→ **What to do**:
The required answer is the data below, restated word for word with images omitted.

→ **Recorded information**:
● ● ● ● ●

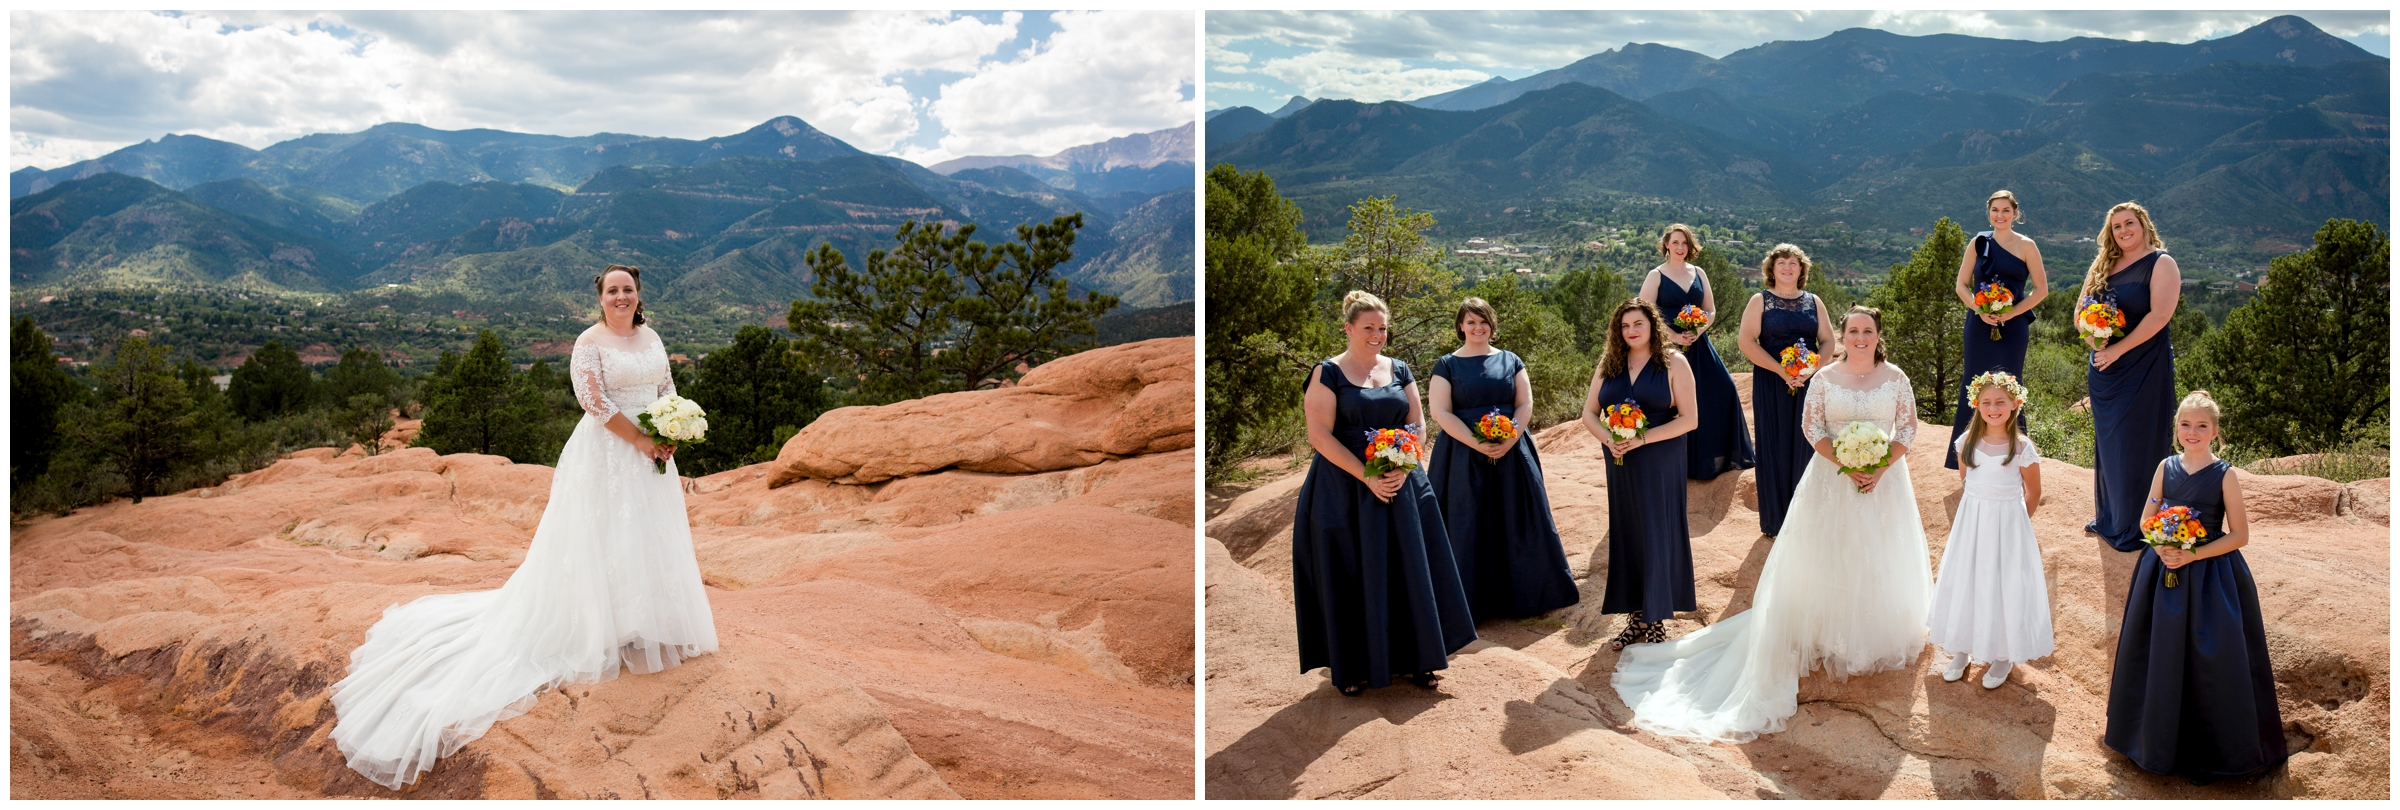 orange and blue bridal party at Colorado Springs wedding 
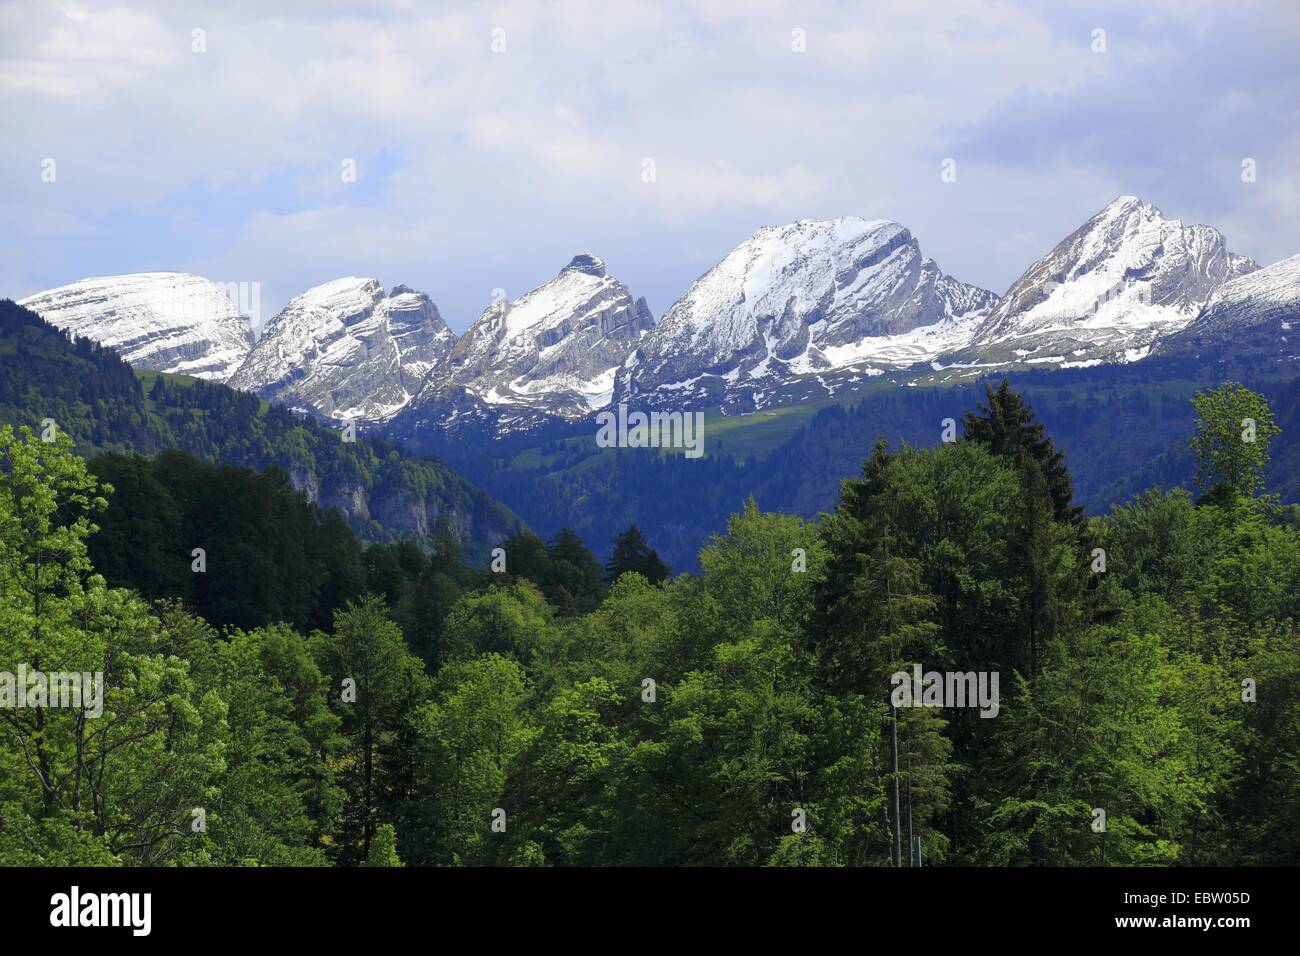 La chaîne de montagnes de Churfirsten les Alpes, Suisse Appenzell, Saint-Gall, Toggenburg Banque D'Images
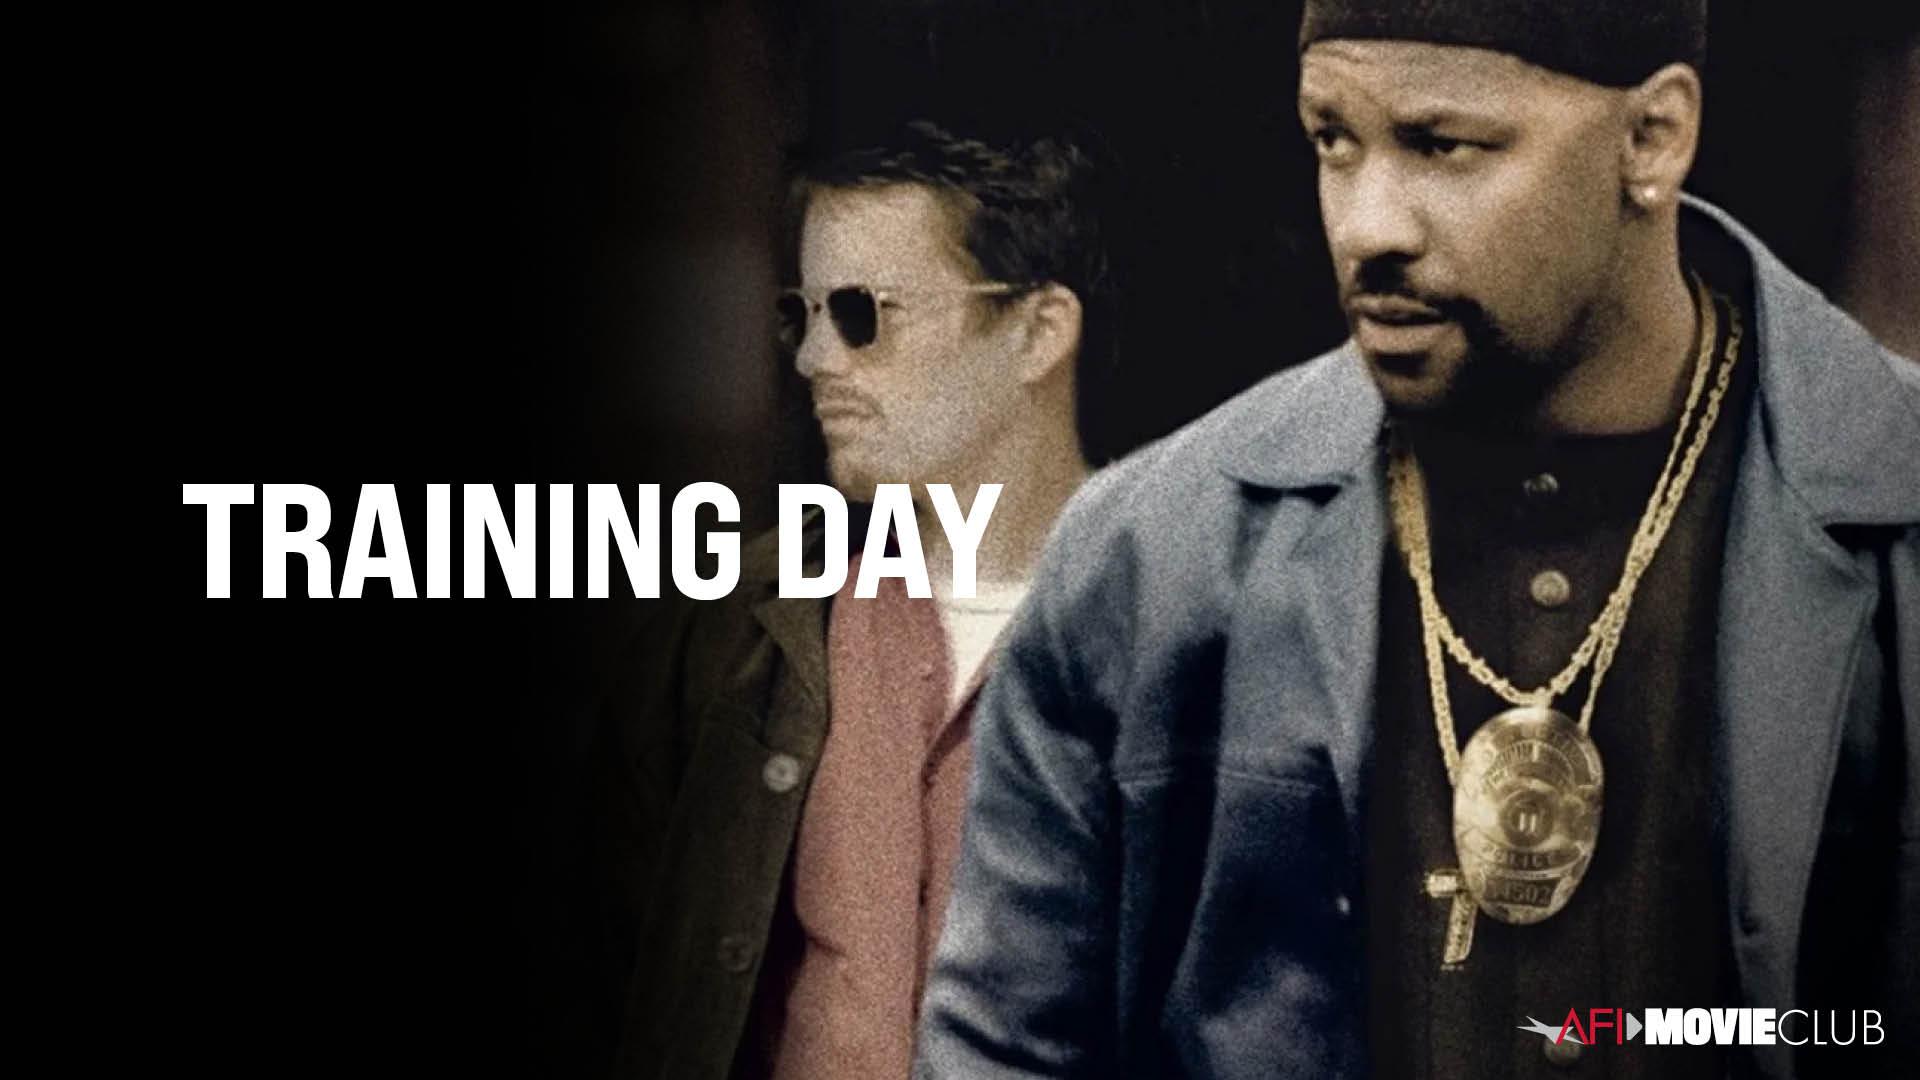 Training Day Film Still - Ethan Hawke and Denzel Washington

● ● ● ● ●

→ **Completed task**:
 orange and blue bridal party at Colorado Springs wedding 
 La chaîne de montagnes de Churfirsten les Alpes, Suisse Appenzell, Saint-Gall, Toggenburg Banque D'Images
 Training Day Film Still - Ethan Hawke and Denzel Washington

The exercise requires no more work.